### TASK TO COMPLETE
An exact copy is required of every line from the one with "Rose Png Clipart" through the end of the data below, and the pictures must stay out of it.
[DATASET CONTENT]
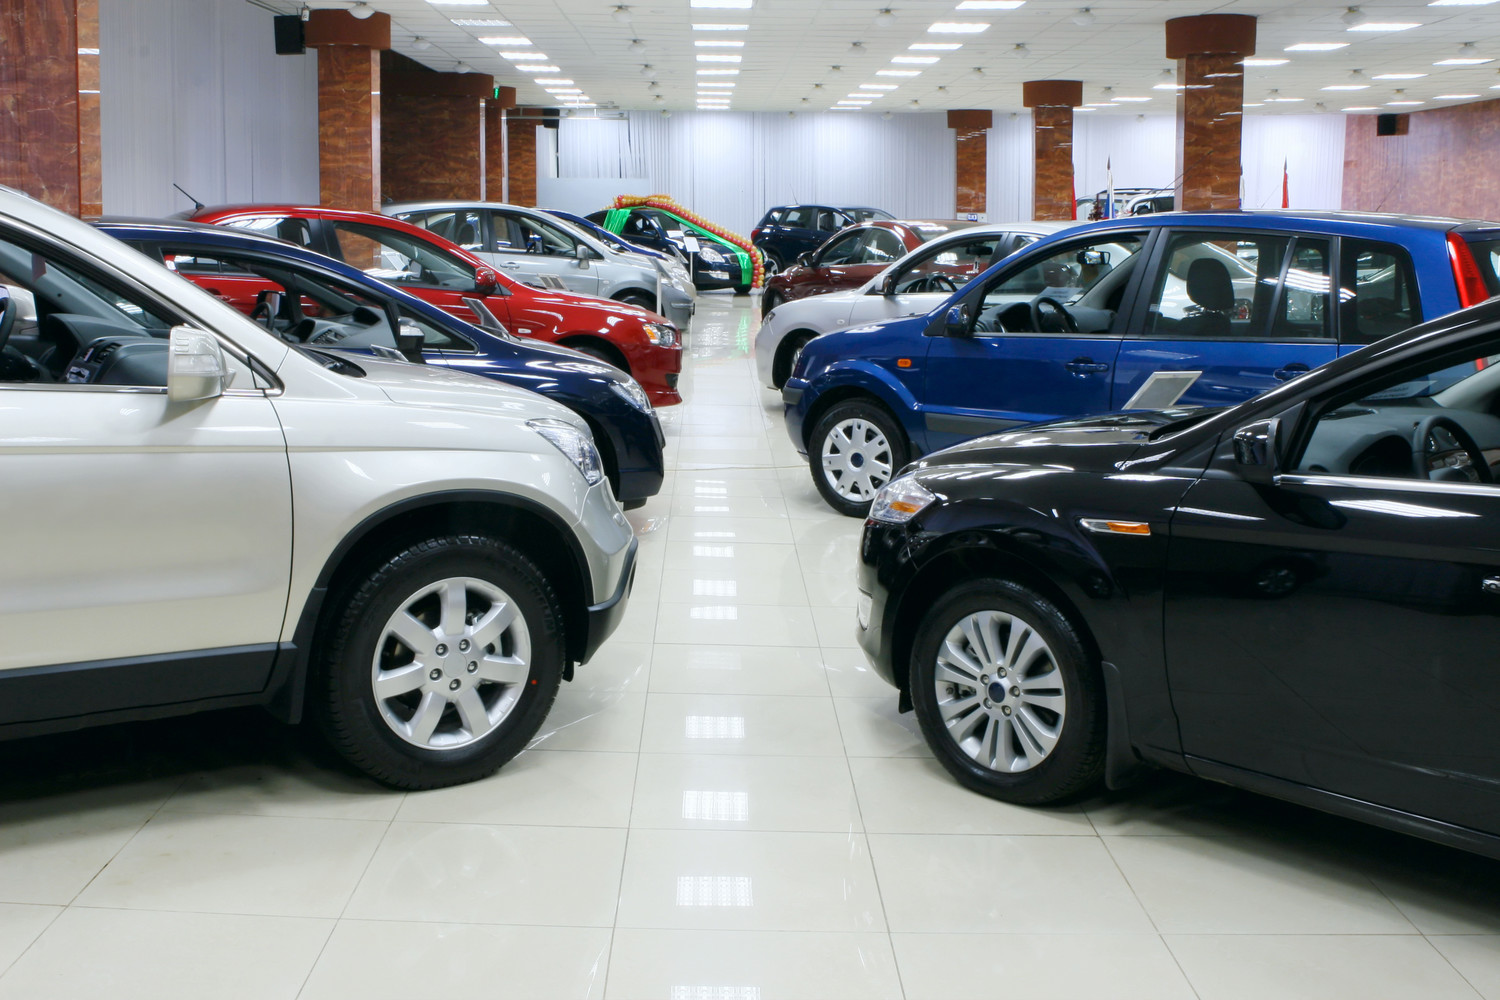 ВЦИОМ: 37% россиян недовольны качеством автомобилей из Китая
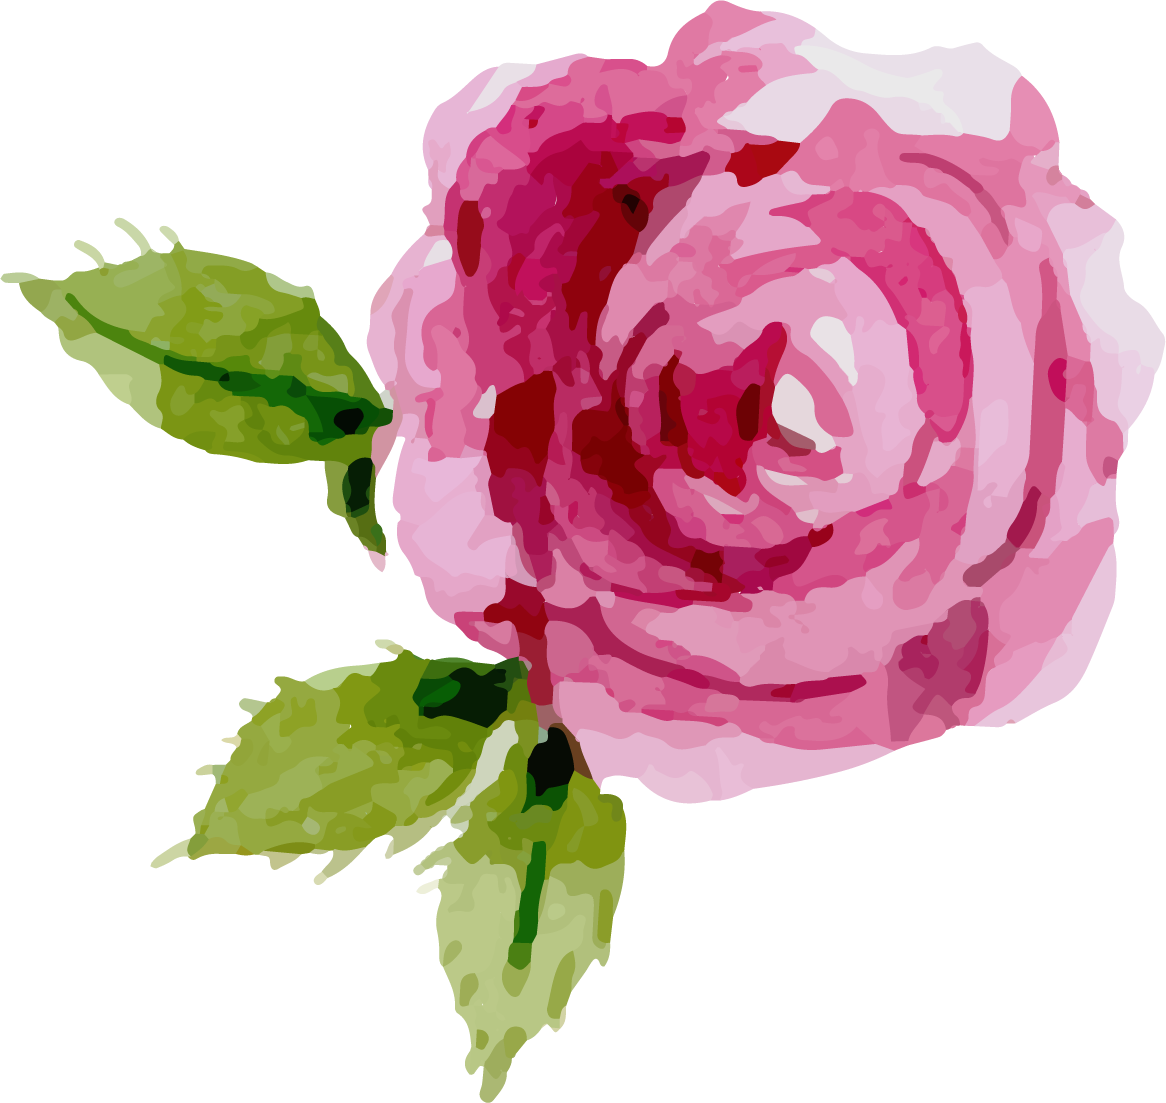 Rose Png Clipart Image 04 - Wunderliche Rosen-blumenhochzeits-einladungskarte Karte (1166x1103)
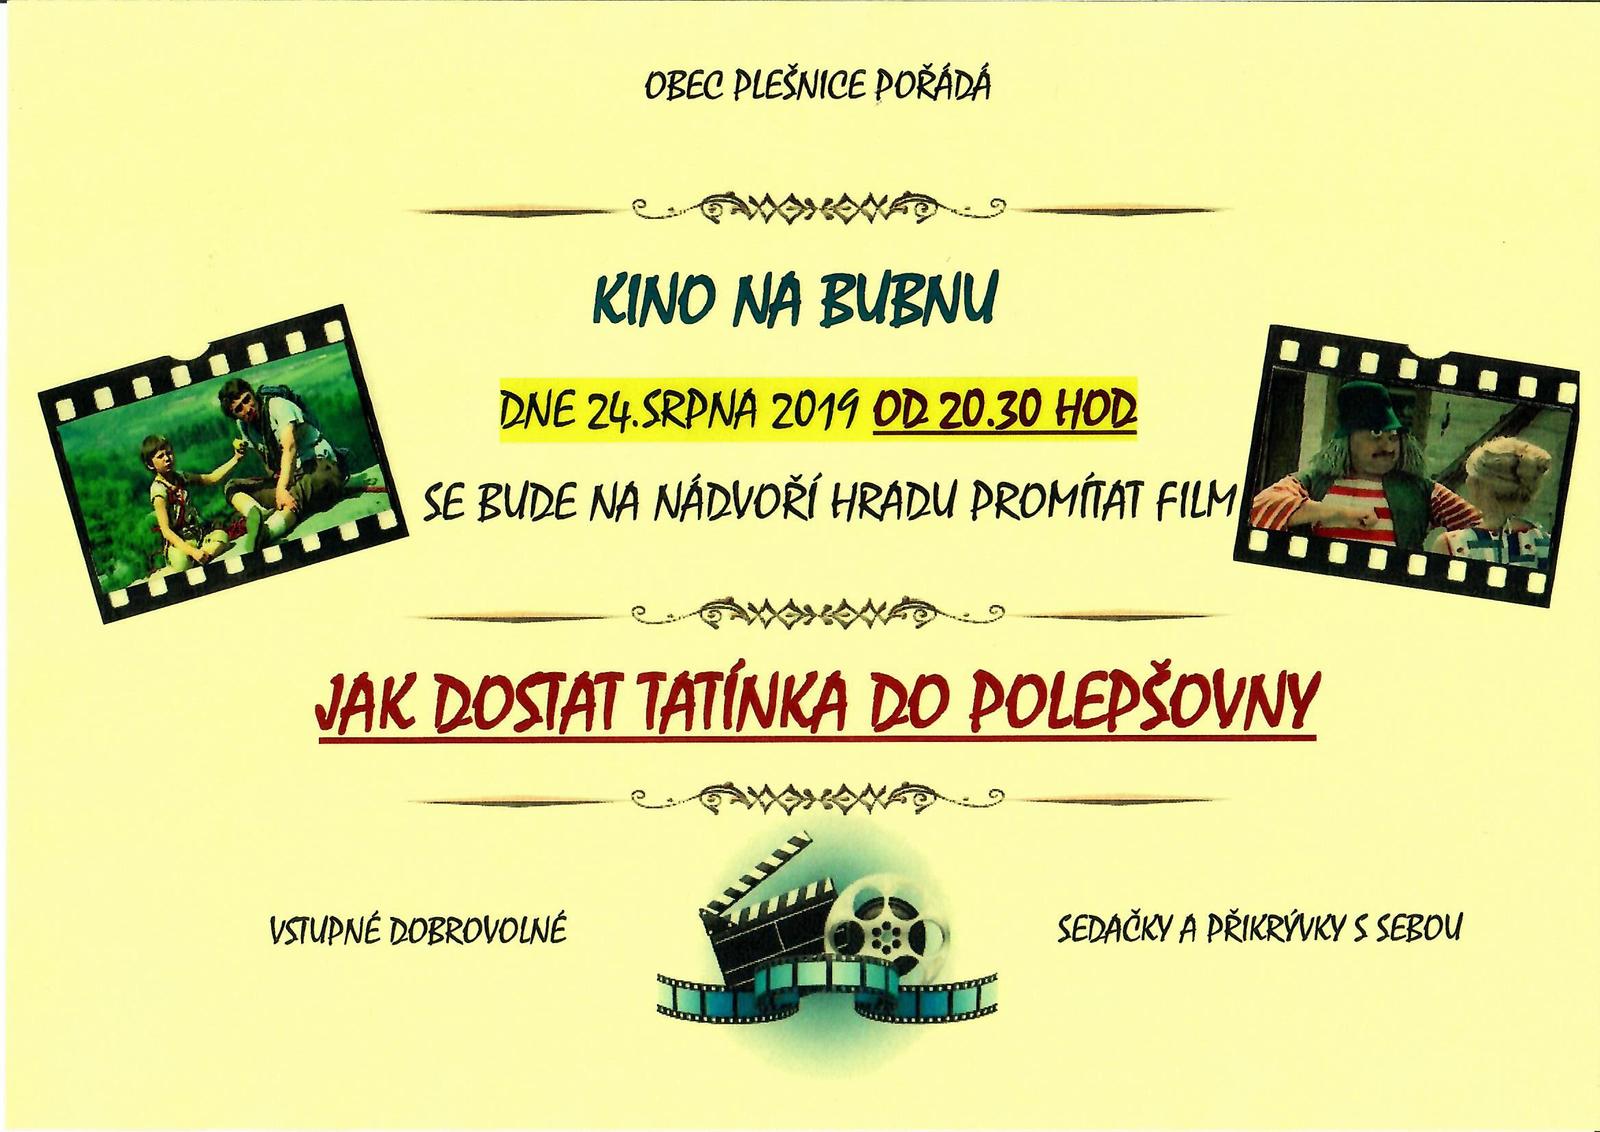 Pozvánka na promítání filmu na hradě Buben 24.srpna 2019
[/DATASET CONTENT]
### WRITTEN REPLY
 Rose Png Clipart Image 04 - Wunderliche Rosen-blumenhochzeits-einladungskarte Karte (1166x1103)
 Pozvánka na promítání filmu na hradě Buben 24.srpna 2019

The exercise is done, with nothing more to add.